Task description -
Could every line below be transcribed exactly, with the pictures dropped?

Information supplied -
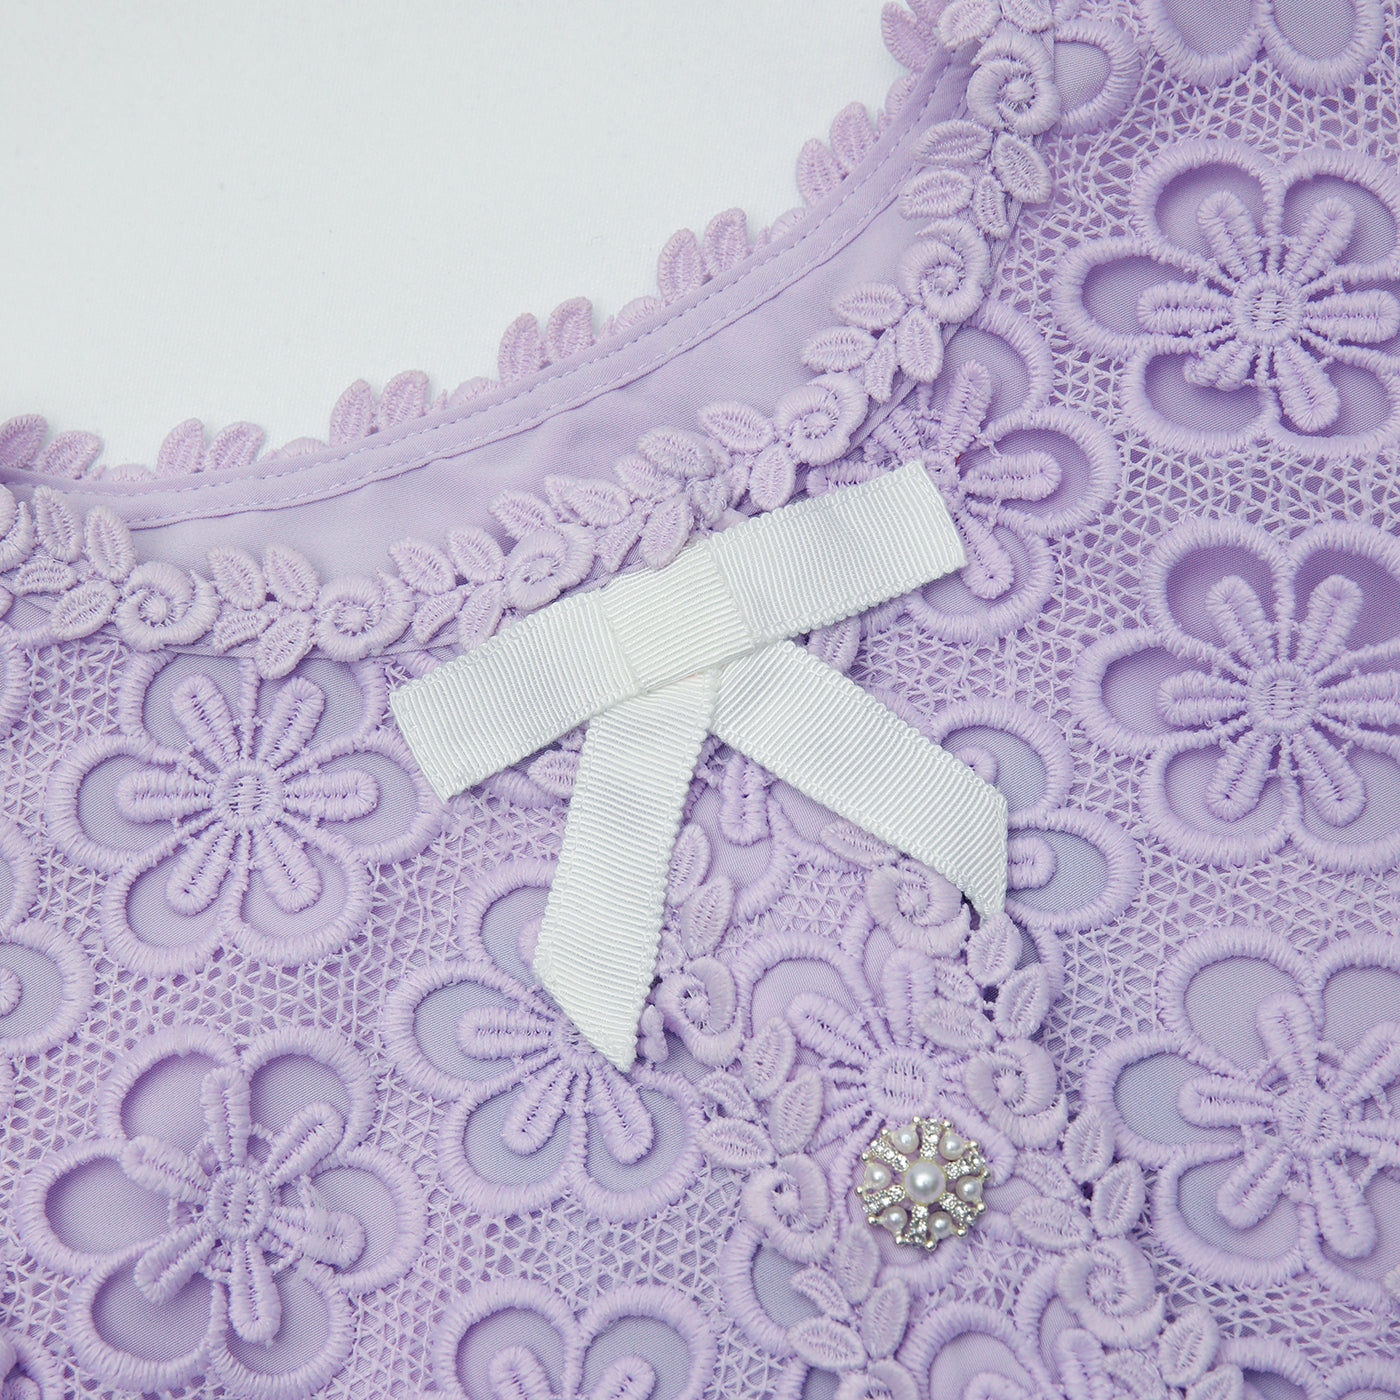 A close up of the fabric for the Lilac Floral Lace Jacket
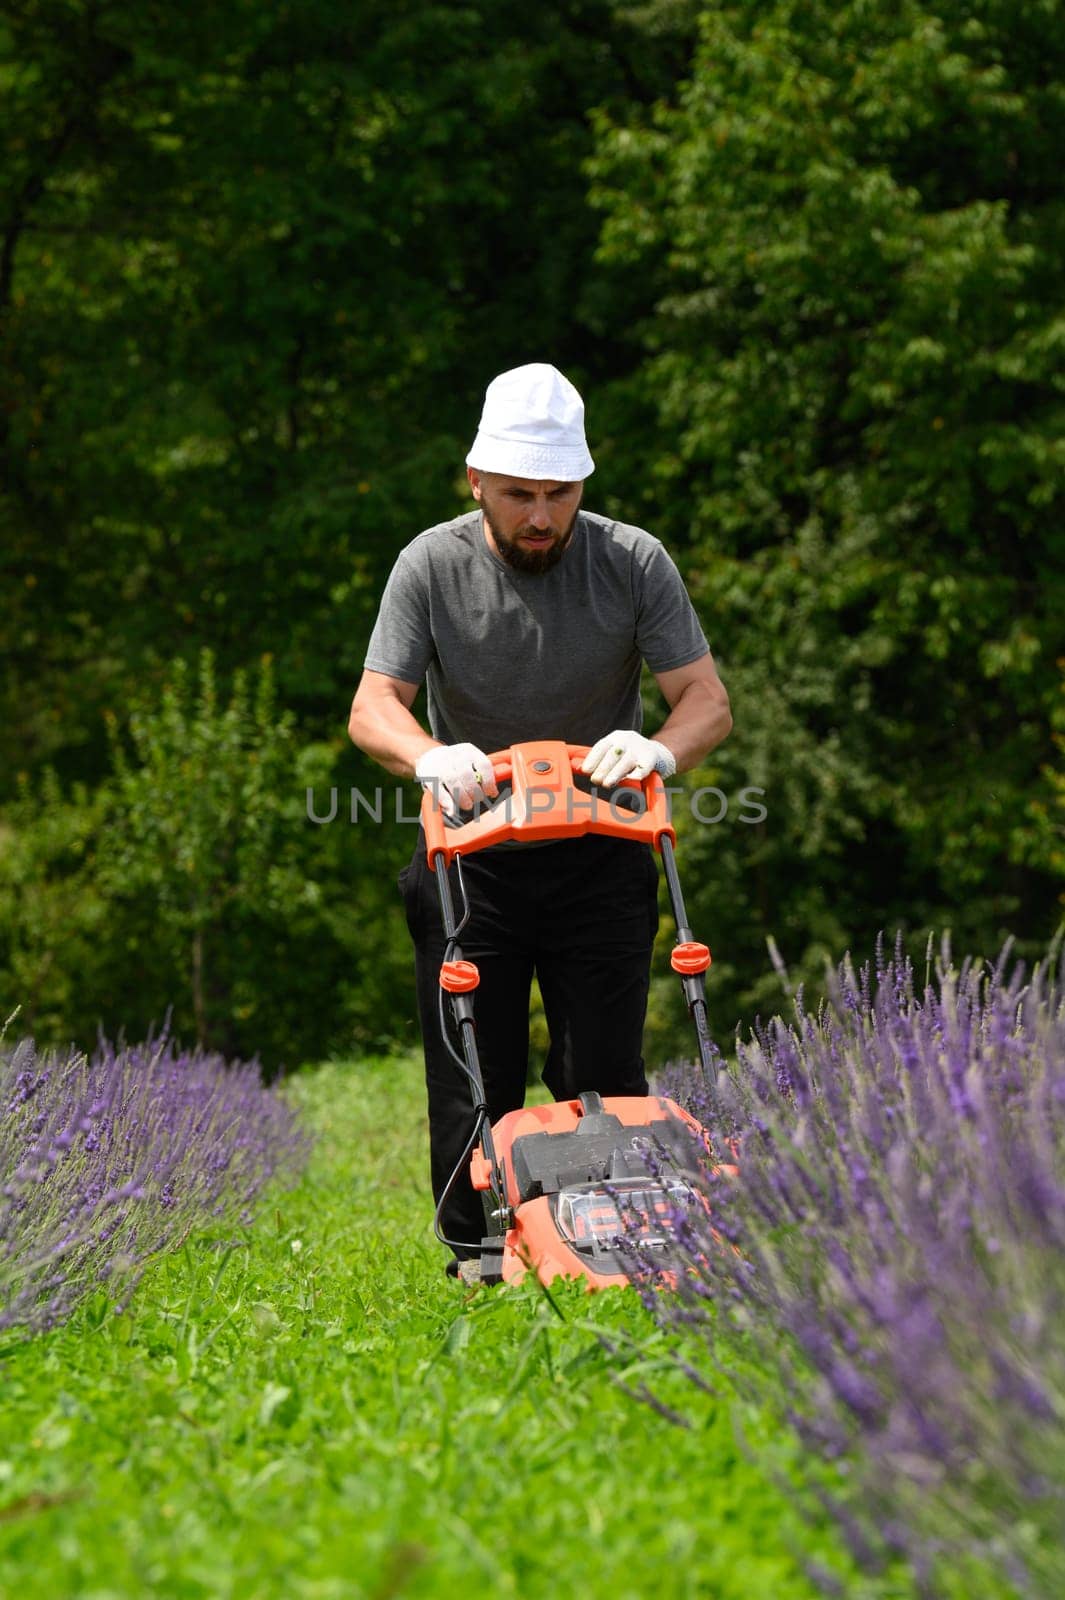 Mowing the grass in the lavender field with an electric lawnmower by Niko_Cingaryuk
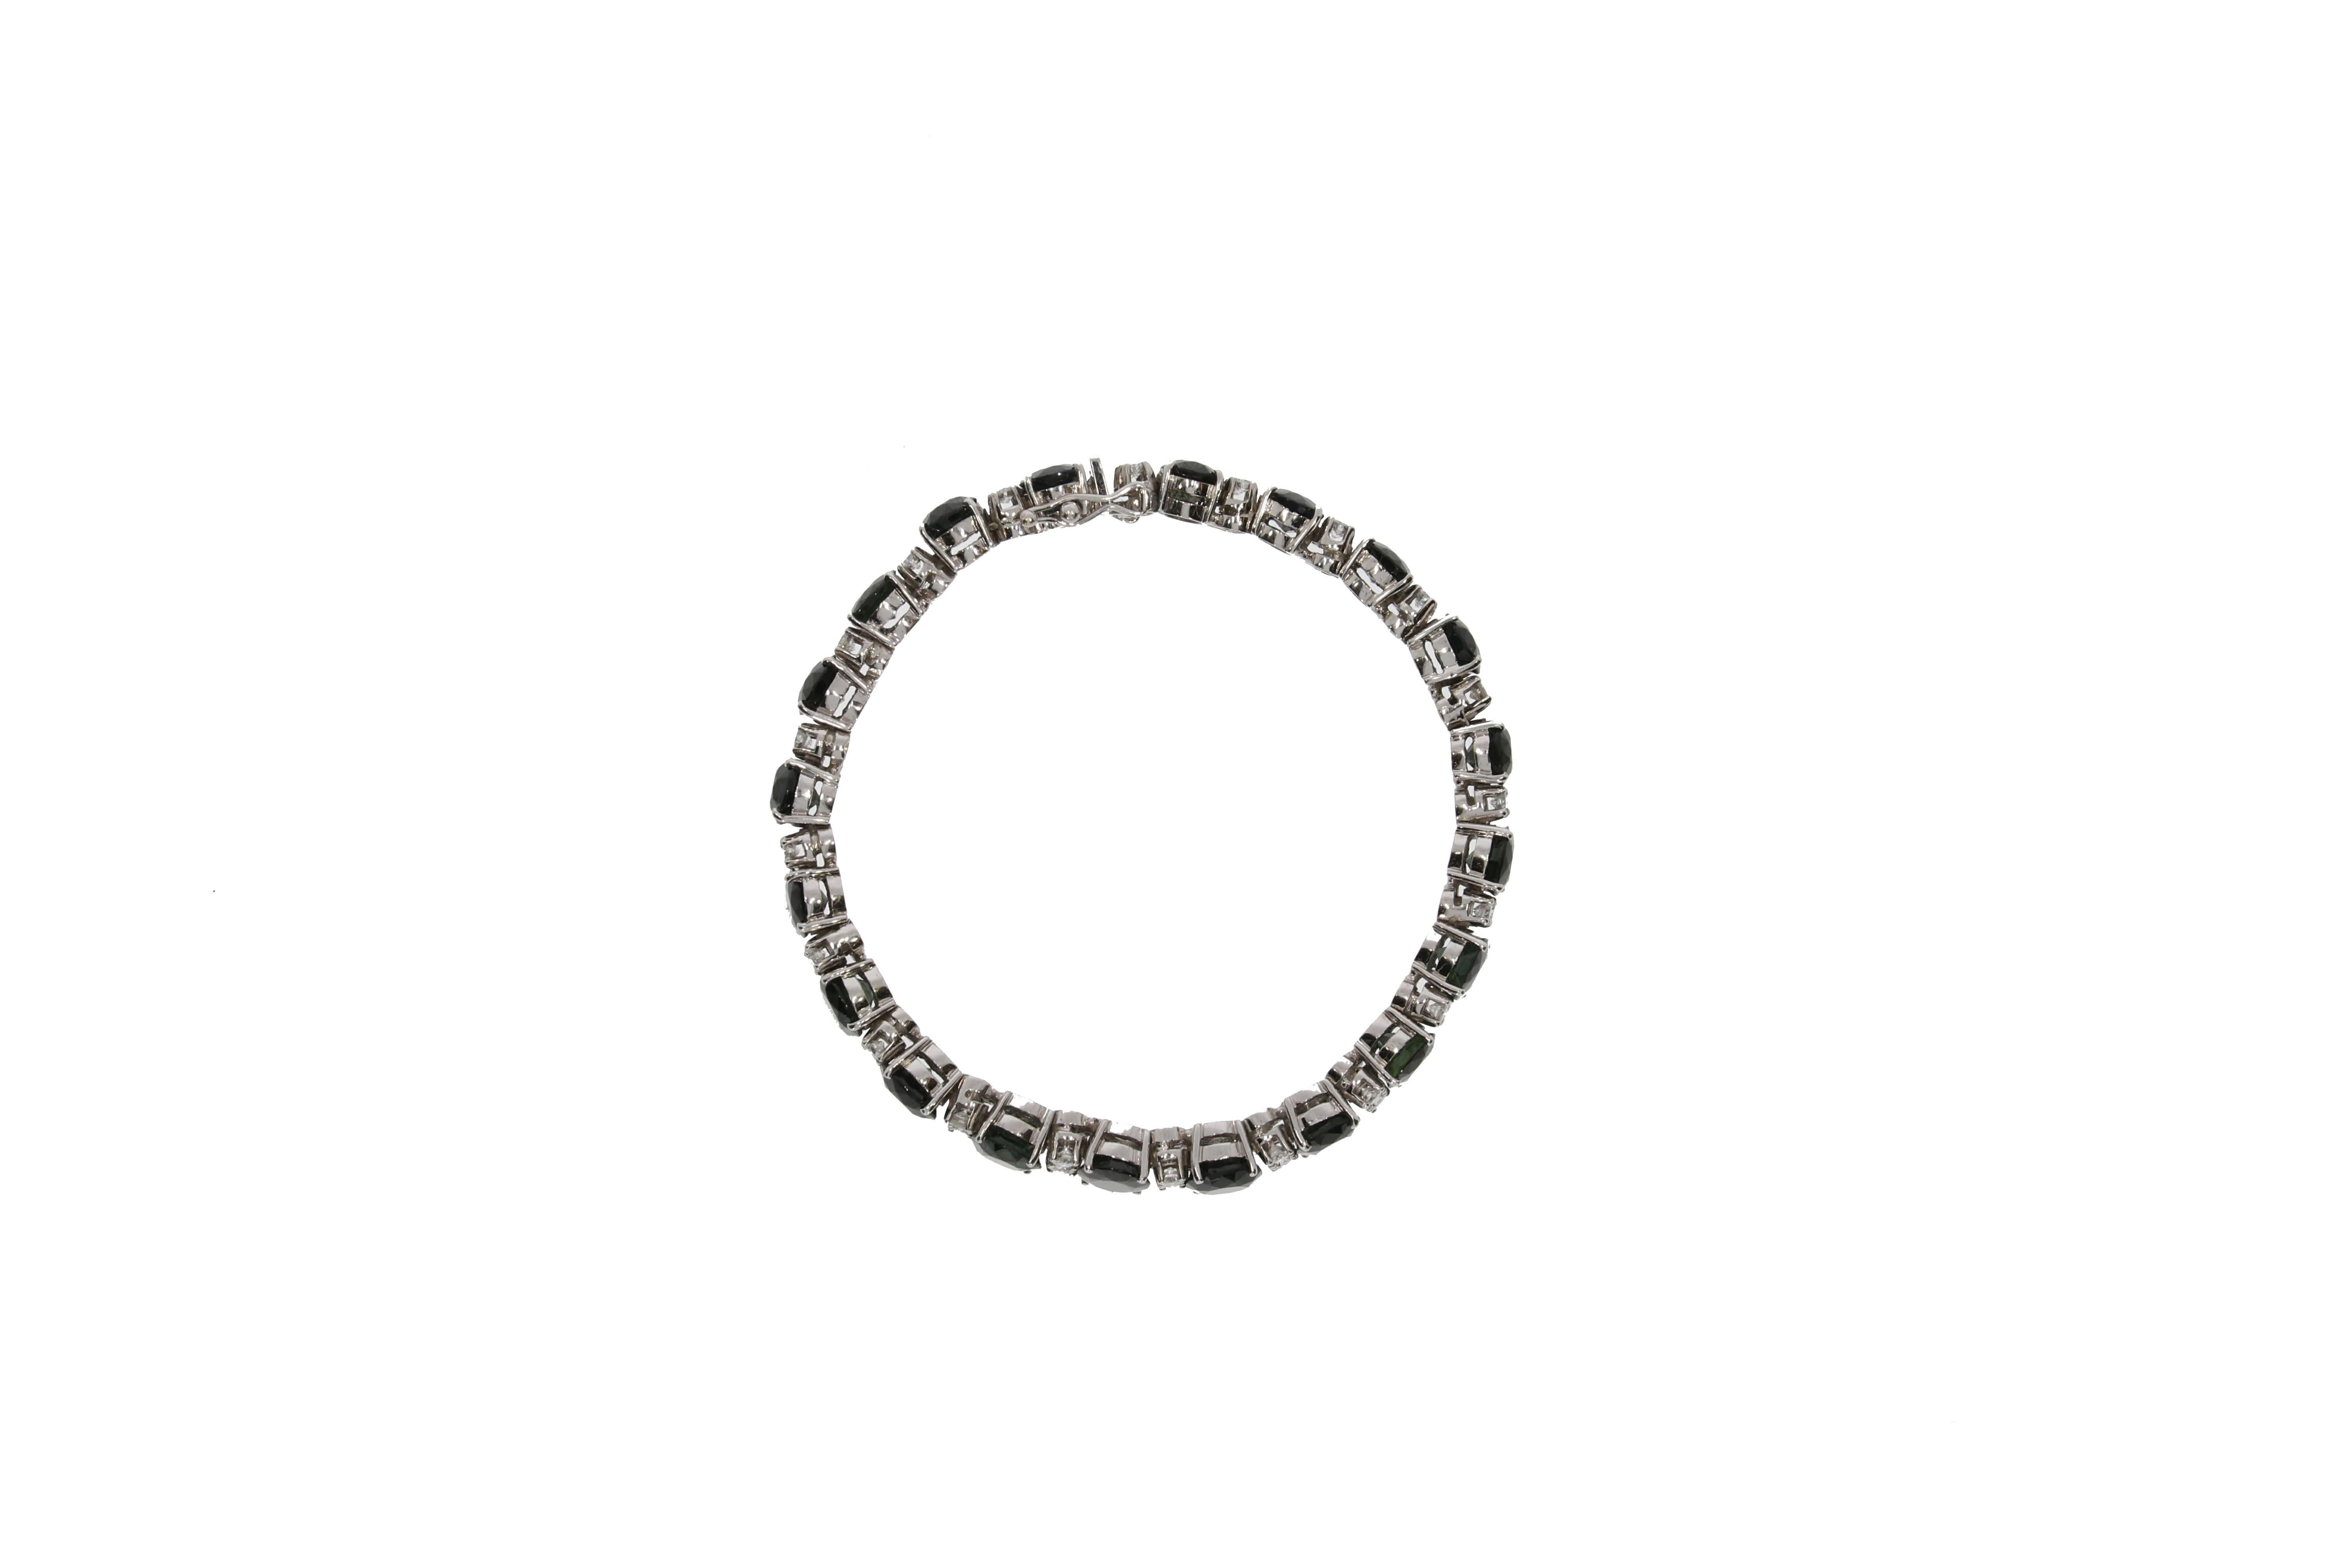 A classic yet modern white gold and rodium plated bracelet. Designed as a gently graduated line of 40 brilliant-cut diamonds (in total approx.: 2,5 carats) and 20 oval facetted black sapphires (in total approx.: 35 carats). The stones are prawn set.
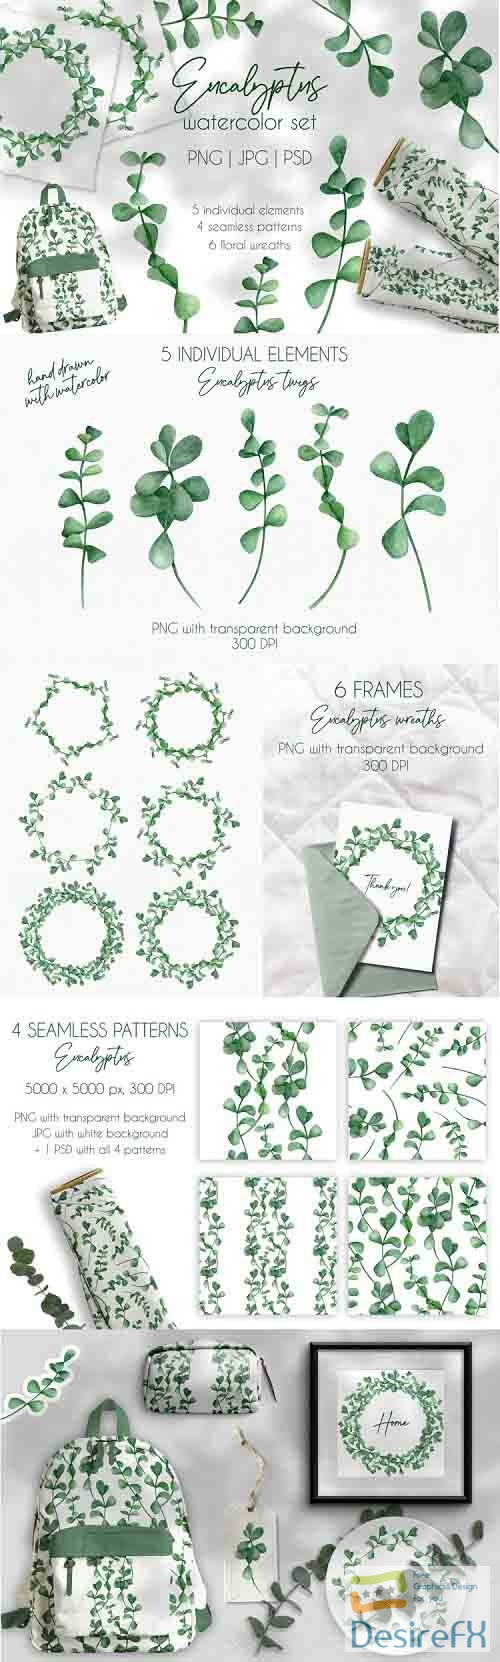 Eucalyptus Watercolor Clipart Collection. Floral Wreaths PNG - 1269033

Answer to this problem -
 A close up of the fabric for the Lilac Floral Lace Jacket
 Mowing the grass in the lavender field with an electric lawnmower by Niko_Cingaryuk
 A classic yet modern white gold and rodium plated bracelet. Designed as a gently graduated line of 40 brilliant-cut diamonds (in total approx.: 2,5 carats) and 20 oval facetted black sapphires (in total approx.: 35 carats). The stones are prawn set.
 Eucalyptus Watercolor Clipart Collection. Floral Wreaths PNG - 1269033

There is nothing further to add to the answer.